More mischief from misunderstood men in this week’s Dudes in the News.
The term “pocket dialing” refers to when a bumped or otherwise disturbed cellular telephone inadvertently dials a random number, the result of which is that the receiving party hears a background conversation or receives a gibberish voice mail message.
As you may know, these calls can be mortifying. For example, your phone dials your ex. He or she happens to answer at the same moment you and a friend—unaware the phone is carrying your conversation—are laughing about your ex’s sexual penchant for scissors and penny whistles.
These calls also can be life altering, especially if you happen to be a criminal whose cell phone pocket dials the police. This happened no less than twice recently.
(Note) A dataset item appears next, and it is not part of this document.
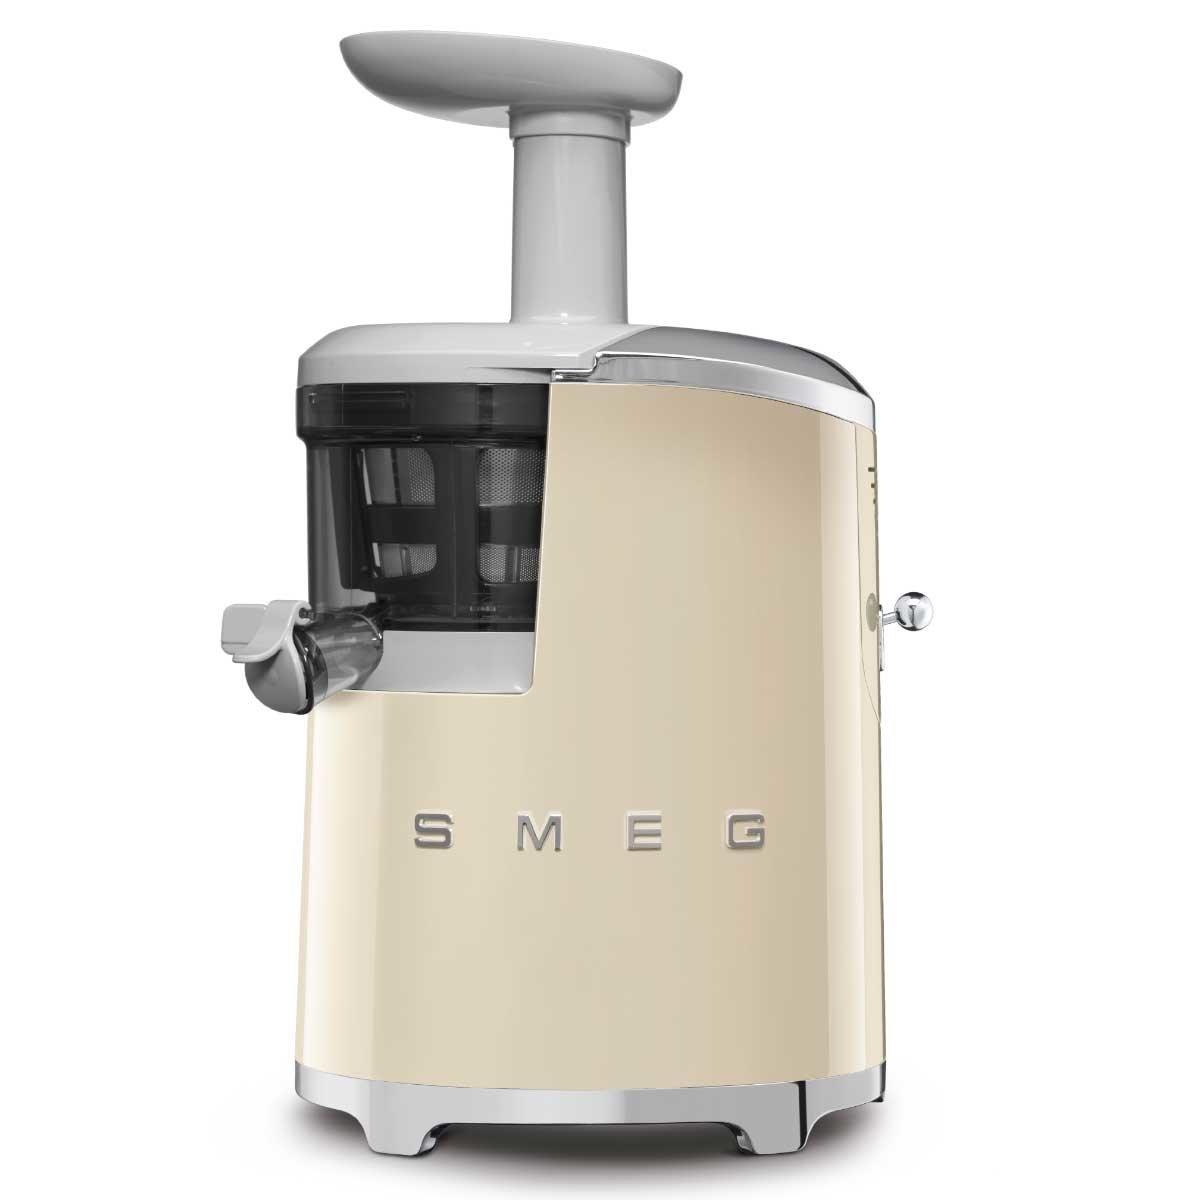 Smeg Retro SMEG Retro 2 Door Refrigerator FAB32 The Herban ...

As reported by the Associated Press on March 4, the first incident, in Clay, New York (population 58,785), involved three larceny suspects riding around in a Kia Sportage (“Designed for the next level”).
As the men passed a residence they’d robbed, and blithely discussed raiding another, one of their cell phones pocket dialed 911.
Sheriff Kevin Walsh, from the delightfully named county of Onondaga (no relation to Lady Gaga), told the AP that a dispatcher relayed the suspects’ real-time conversation to deputies—including one suspect’s comment that “there go the cops now.”
Presently, deputies stopped the Sportage. A search revealed stolen tools. The men were arrested on charges of grand larceny and stolen property.
Here’s our question: a Kia Sportage? Really? The daring criminals of yore, who drove Chevy Camaros, Plymouth Road Runners and Dodge Chargers, would be aghast.
And upon hearing that crooks now drive $18,000 family-style SUVs, police of that era would laugh so hard they’d accidentally crash their souped-up and gas-guzzling Ford Galaxies into corner donut shops.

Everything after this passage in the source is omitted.